Obviously, once $\varvec{u}^{k+1}$ is computed by (12), the second ‘stage’ optimization sub-problem (13) can be solved easily for each element $i \in S$, mostly with a closed-form solver (see “Appendix A”). Hence, the main computational load amounts to solve $\varvec{u}^{k+1}$ over the first optimization problem (12) for any fixed $q^k$, which is convex but non-smooth. We show that, in the following section, the introduced optimization problem (12) can be solved efficiently by an ALM-based algorithm upon and it avoids dealing with the non-smooth energy function directly.

2.2.1 Duality-based Optimization Algorithm for (12)

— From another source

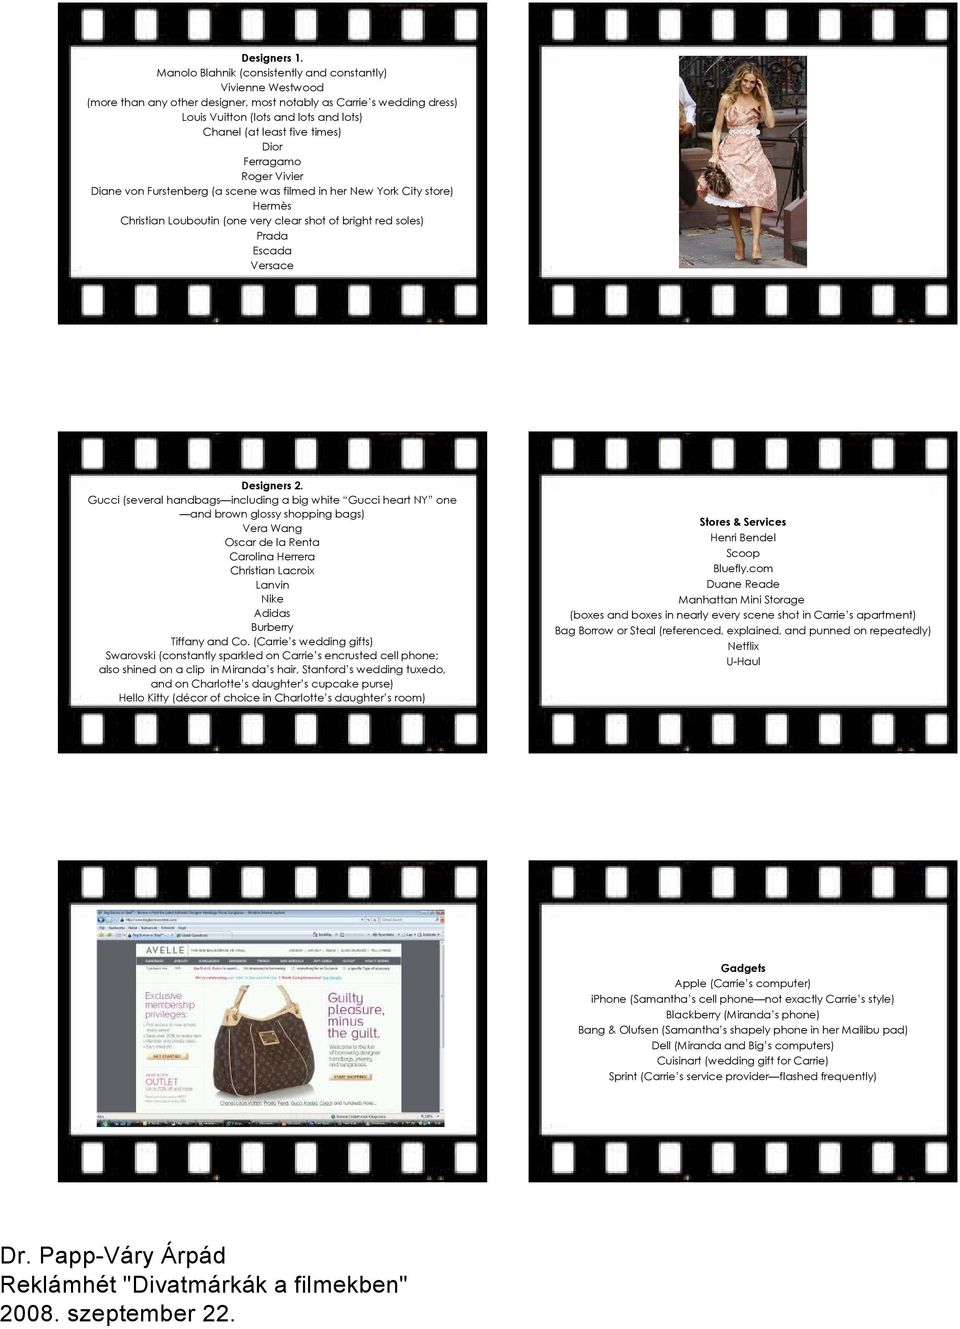 times) Dior Ferragamo Roger Vivier Diane von Furstenberg (a scene was filmed in her New York City store) Hermès Christian Louboutin (one very clear shot of bright red soles) Prada Escada Versace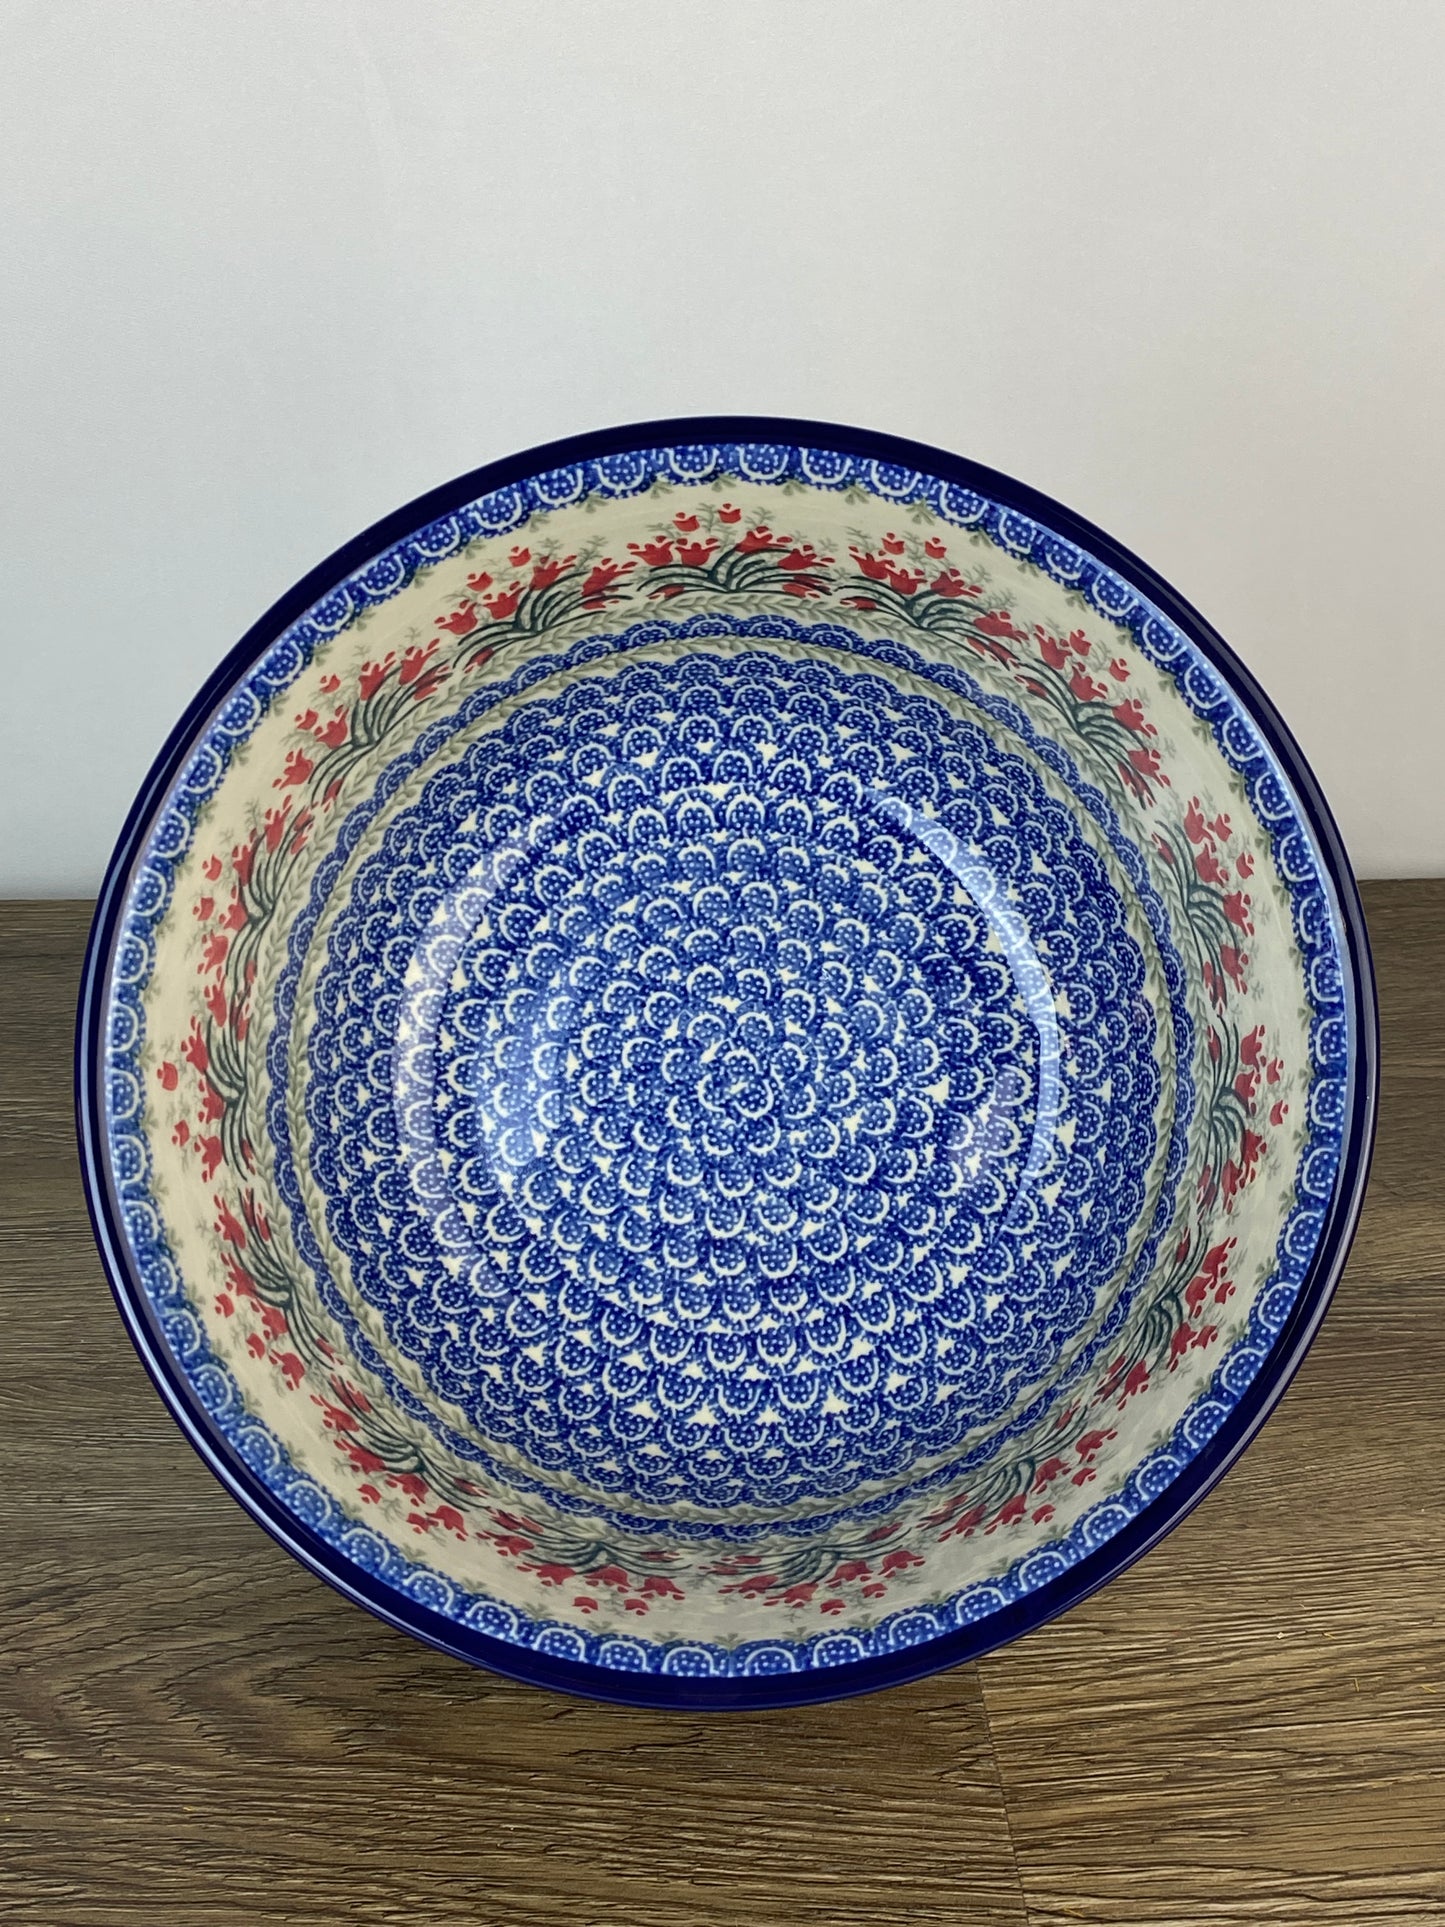 Large Mixing Bowl - Shape 113 - Pattern 1437

Now we study the non-smooth convex optimization sub-problem (12). Observe the equivalent dual representation of the absolute function is

$$\begin{aligned} q_i^k \left|h_i \varvec{u} - f_i\right| \, = \, \text {max}_{w_i \in [-q_i^{k}, q_i^{k}]} w_i \cdot (h_i \varvec{u} - f_i) \, \end{aligned}$$

and the dual form of the total-variation function [6] such that

$$\begin{aligned} \lambda {\left\| {\nabla \varvec{u}} \right\| _{l1}} \, = \, \mathop {\text {max}} \limits _{\left| \varvec{p}_i \right| \le \lambda } \varvec{u}^{T} \textrm{Div} \varvec{p} \, , \end{aligned}$$

(14)

hence we can reformulate the optimization subproblem (12) as its primal-dual model

$$\begin{aligned} \text {min}_{\varvec{u}}\,\text {max}_{\left|\varvec{p}_i\right| \le \lambda } \text {max}_{w_i \in [-q_i^{k}, q_i^{k}]} \, - \sum _{i \in S} w_i \cdot f_i \, + \, \varvec{u}^{T} \Big (\sum _{i \in S} w_i {h_i}^T + \textrm{Div} \varvec{p} \Big ) \, . \end{aligned}$$

(15)

By minimizing the above primal-dual formulation (15) over the free variable $\varvec{u}$, we then obtain its mathematically equivalent dual model, i.e., a linear-equality constrained optimization problem, as follows:

$$\begin{aligned} \text {max}_{\left|\varvec{p}_i\right| \le \lambda } \text {max}_{w_i \in [-q_i^{k}, q_i^{k}]} \, - \sum _{i \in S} w_i \cdot f_i \, , \quad \text {s.t.}\;\; \sum _{i \in S} w_i {h_i}^T + \textrm{Div} \varvec{p} \, = \, 0\, , \end{aligned}$$

(16)

which is the so-called dual model of (15).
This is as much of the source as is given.